Observability for HTTP: Logs, Traces, and Wire Symptoms

LESSON

023 25 min intermediate

Observability for HTTP: Logs, Traces, and Wire Symptoms

The core idea: HTTP observability is boundary evidence: a useful debug trail connects what the client saw, what the edge decided, what the origin received, and which timing or protocol symptom explains the gap.

Core Insight

Imagine checkout starts returning intermittent 502 Bad Gateway responses. The application team says the checkout service is healthy. The CDN dashboard shows a small spike in edge errors. The database dashboard looks normal. A few users report that refreshing works. If each team reads only its own logs, the incident becomes a debate about whose system is "really" failing.
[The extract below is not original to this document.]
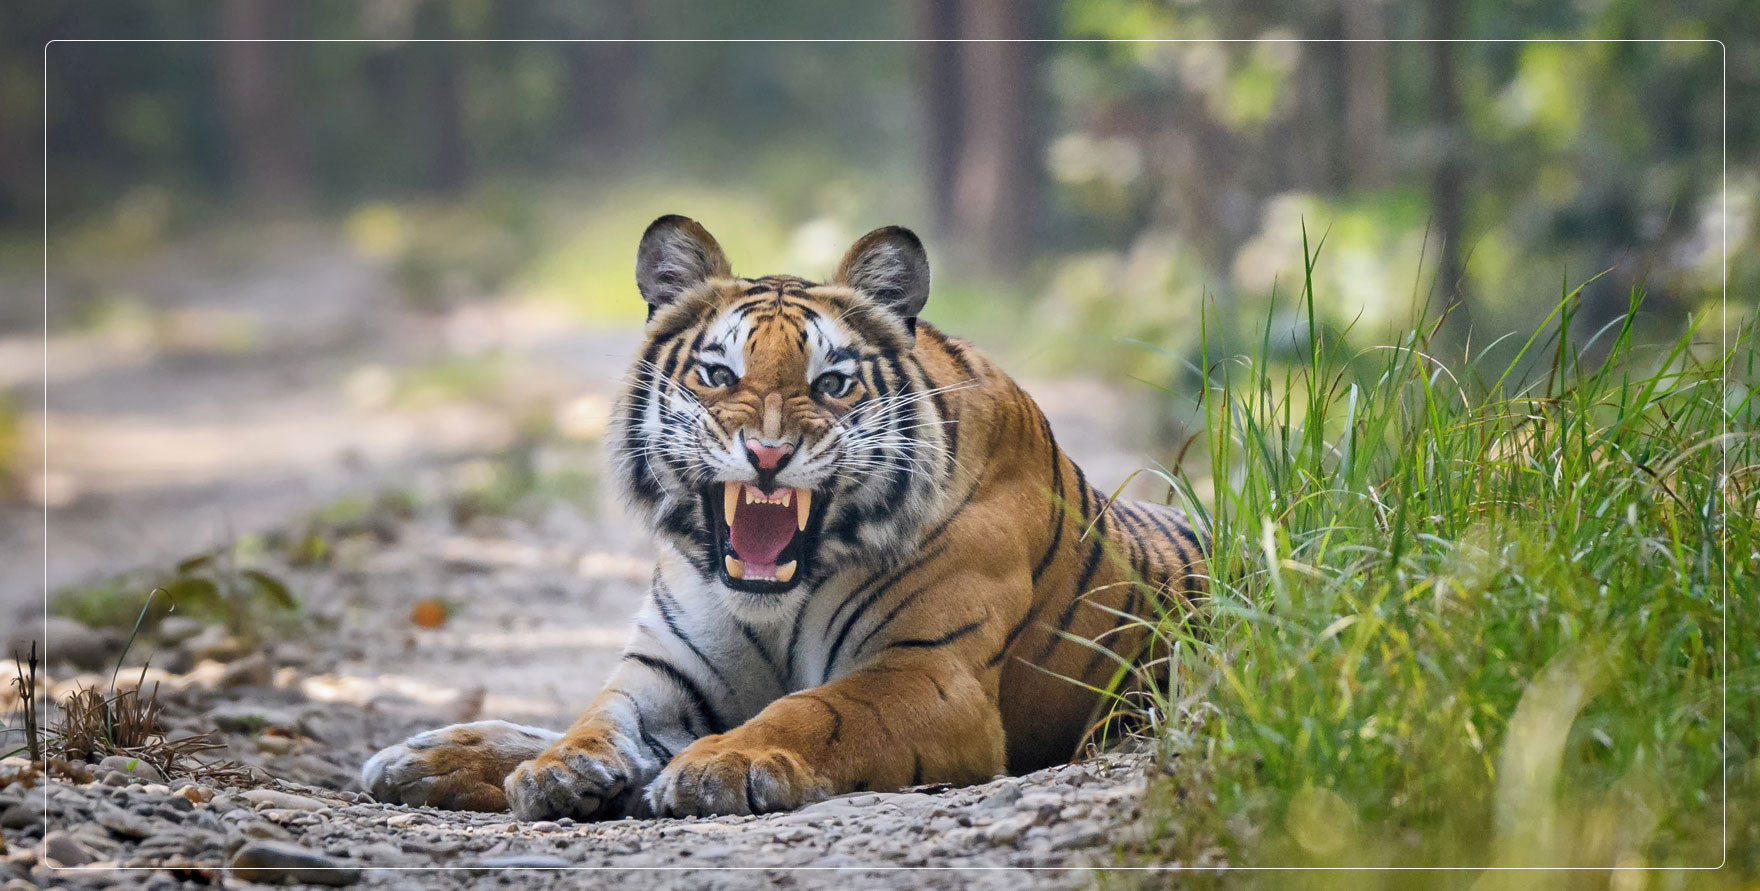 deepak rajbangshi-wildlife photographer-photo-tiger-bardiya 11706920067.jpg

The useful move is to treat the request path as a chain of witnesses. The browser saw a status code and latency. The CDN or edge proxy saw cache status, TLS and HTTP protocol, rule id, upstream selection, and a timeout or upstream response. The reverse proxy saw connection reuse, upstream timing, and response flags. The application saw a route, a trace id, handler timing, dependencies, and maybe nothing at all if the edge failed before forwarding the request.

HTTP observability is not just "collect logs." It is deciding which facts must survive each boundary so one request can be reconstructed later. A status code alone is ambiguous. 502 might mean the origin returned a bad response, the proxy timed out, the connection reset, TLS to the origin failed, or a gateway rule rejected the upstream. The fix depends on which boundary produced the error.

The trade-off is diagnostic richness versus data volume and privacy. Rich logs, trace attributes, headers, and samples make incidents faster to explain. They also cost money, create noise, and can leak sensitive information if they capture full URLs, cookies, authorization headers, or user identifiers carelessly. Good HTTP observability records enough boundary evidence to answer production questions without turning every request into a privacy risk.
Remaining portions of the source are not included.